### THE TASK
Every line below from the one containing "Уборка снега в Москве" through the one containing "Crate Amplifiers GX-80 manual" is to be printed exactly, with the pictures omitted.

### DATA FOR PROCESSING
+ + + + +
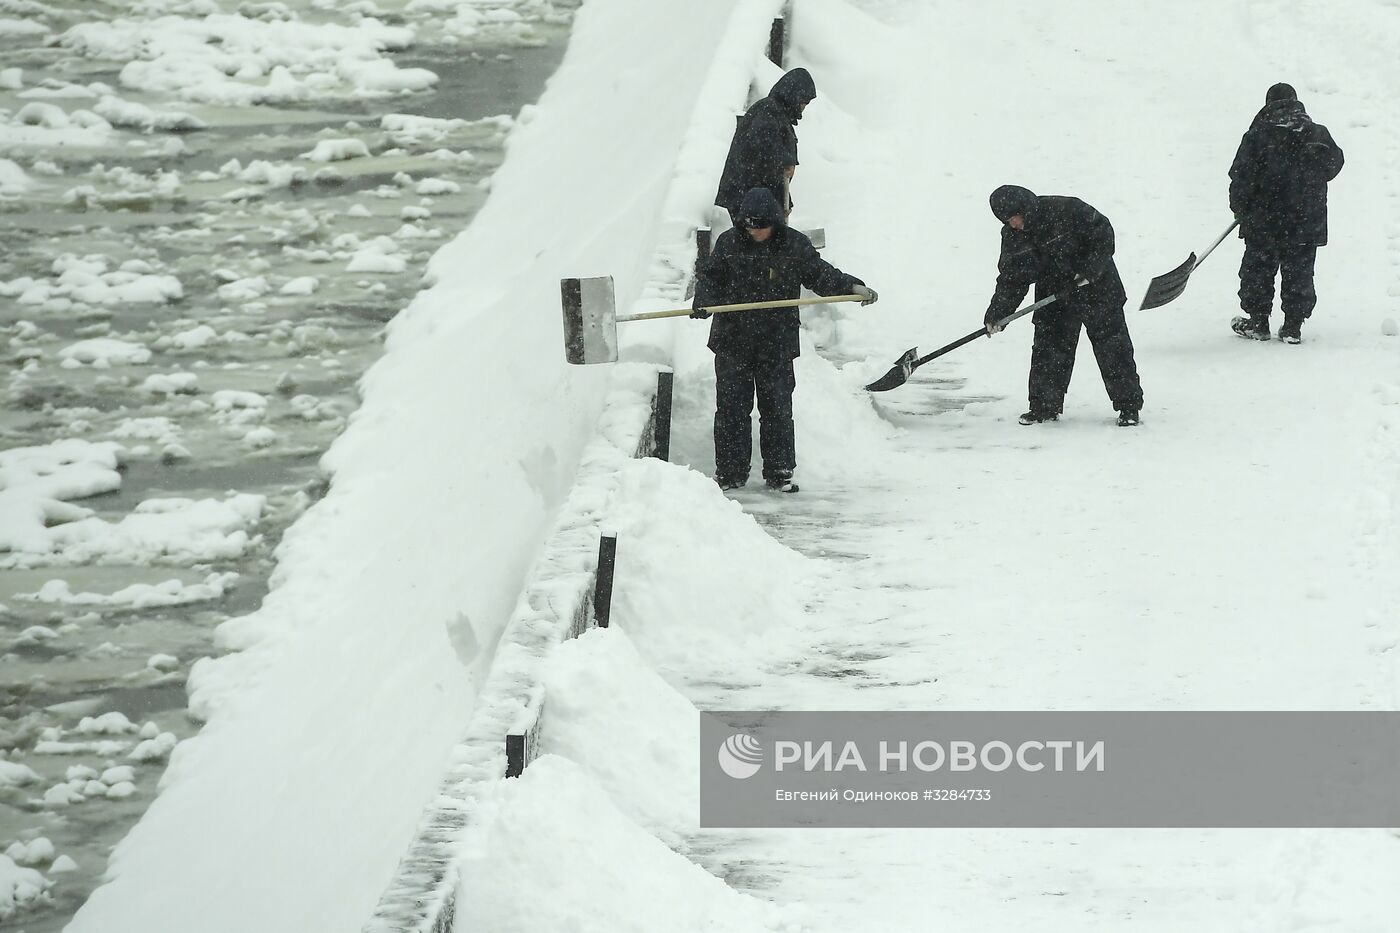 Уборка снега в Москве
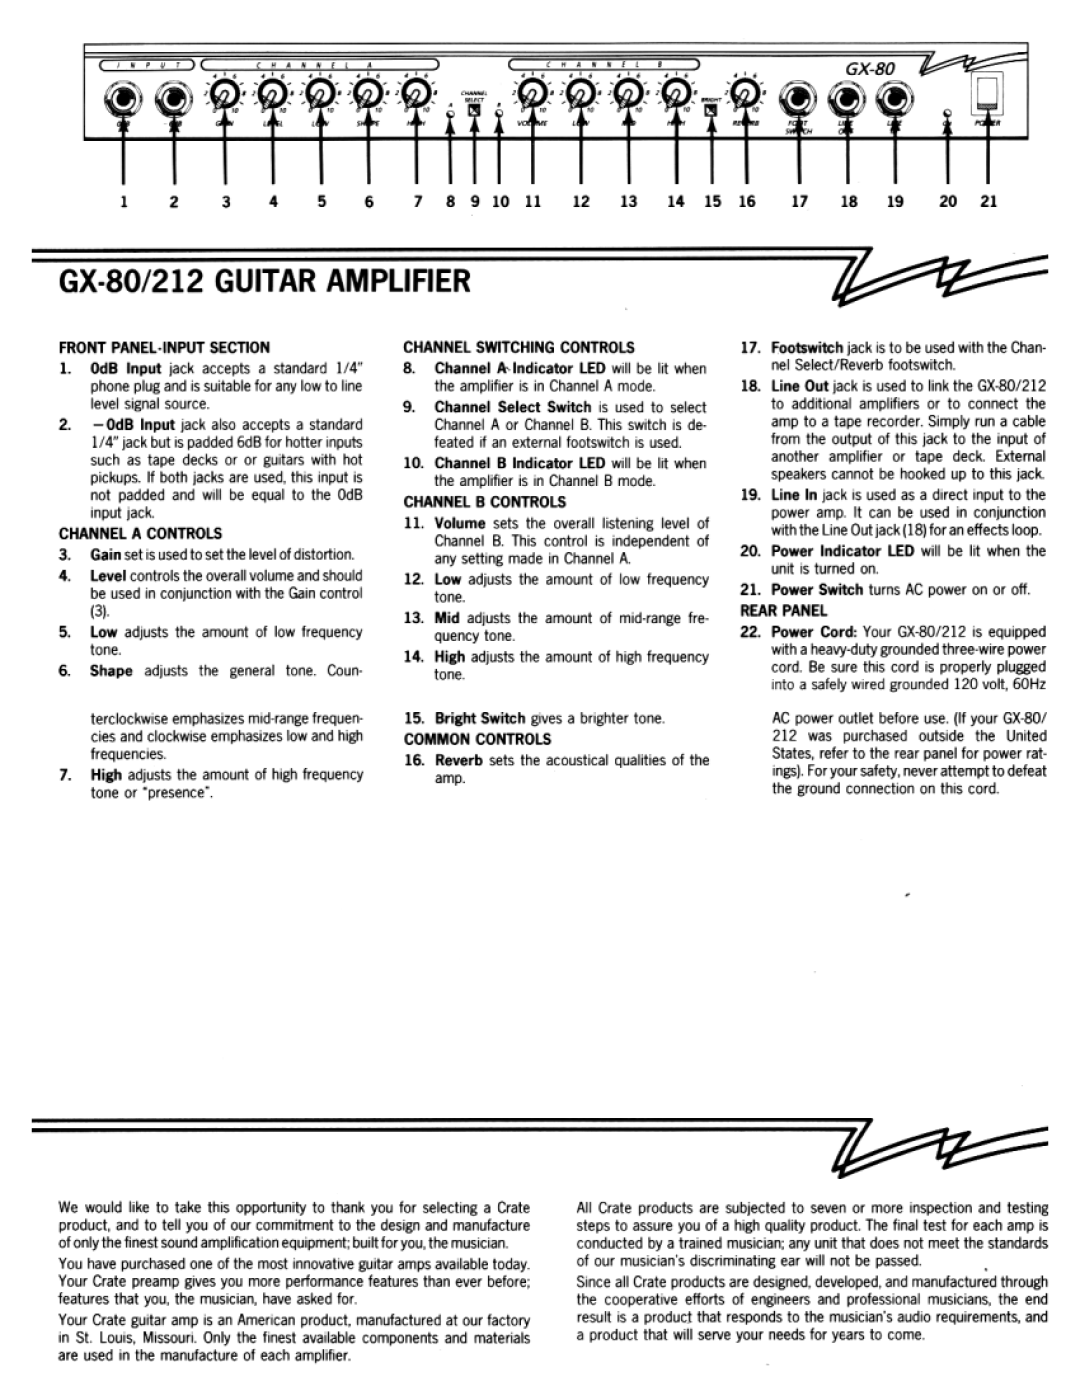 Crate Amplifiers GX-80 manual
+ + + + +
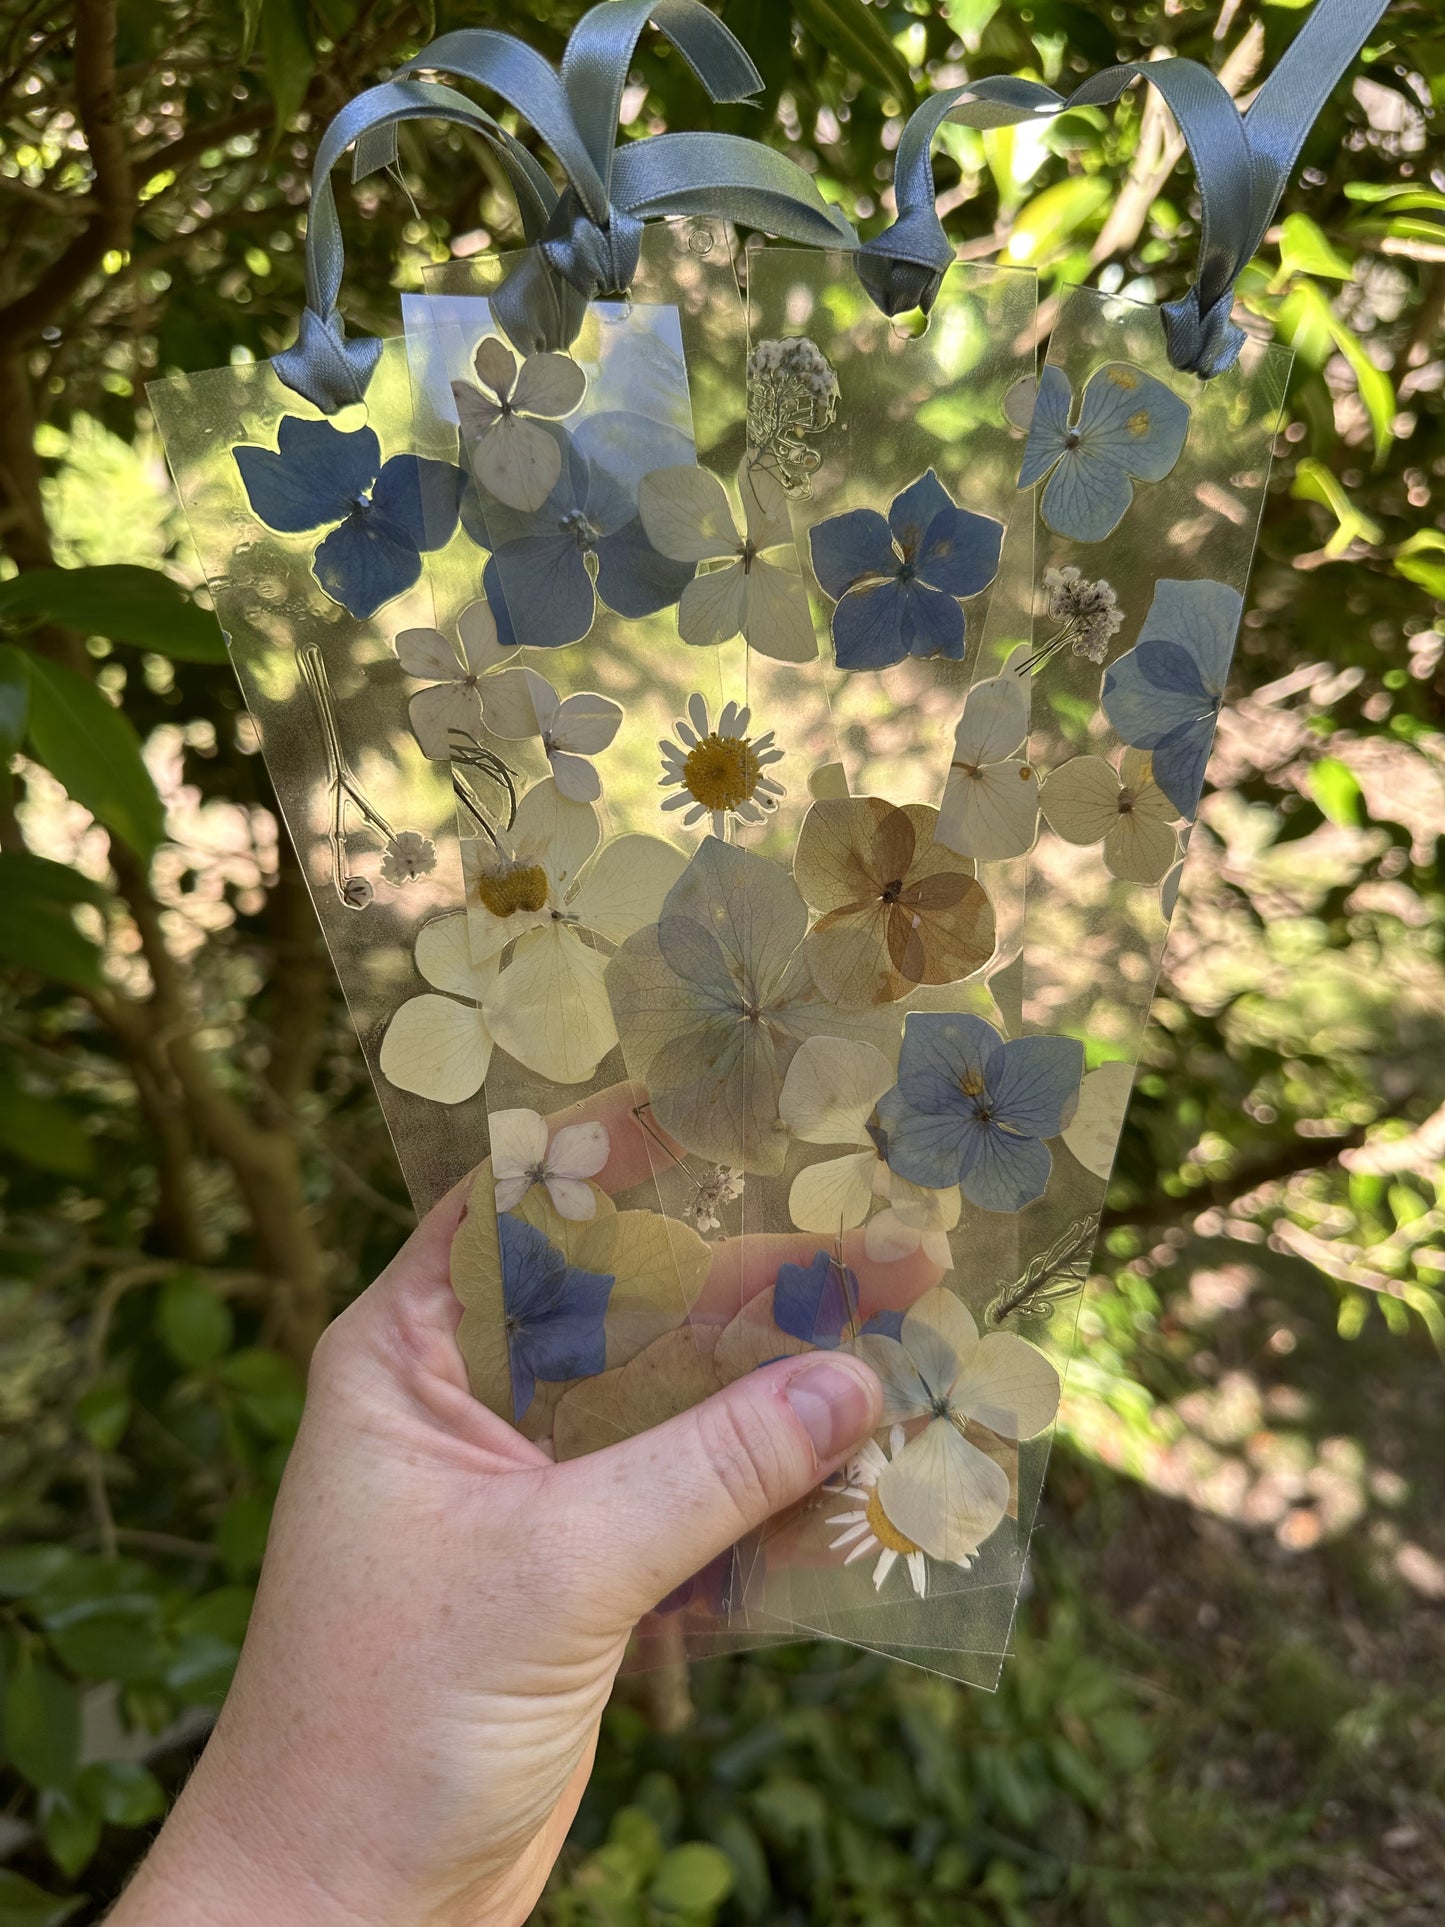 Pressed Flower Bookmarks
+ + + + +
### SOLVED EXERCISE
 Уборка снега в Москве
 Crate Amplifiers GX-80 manual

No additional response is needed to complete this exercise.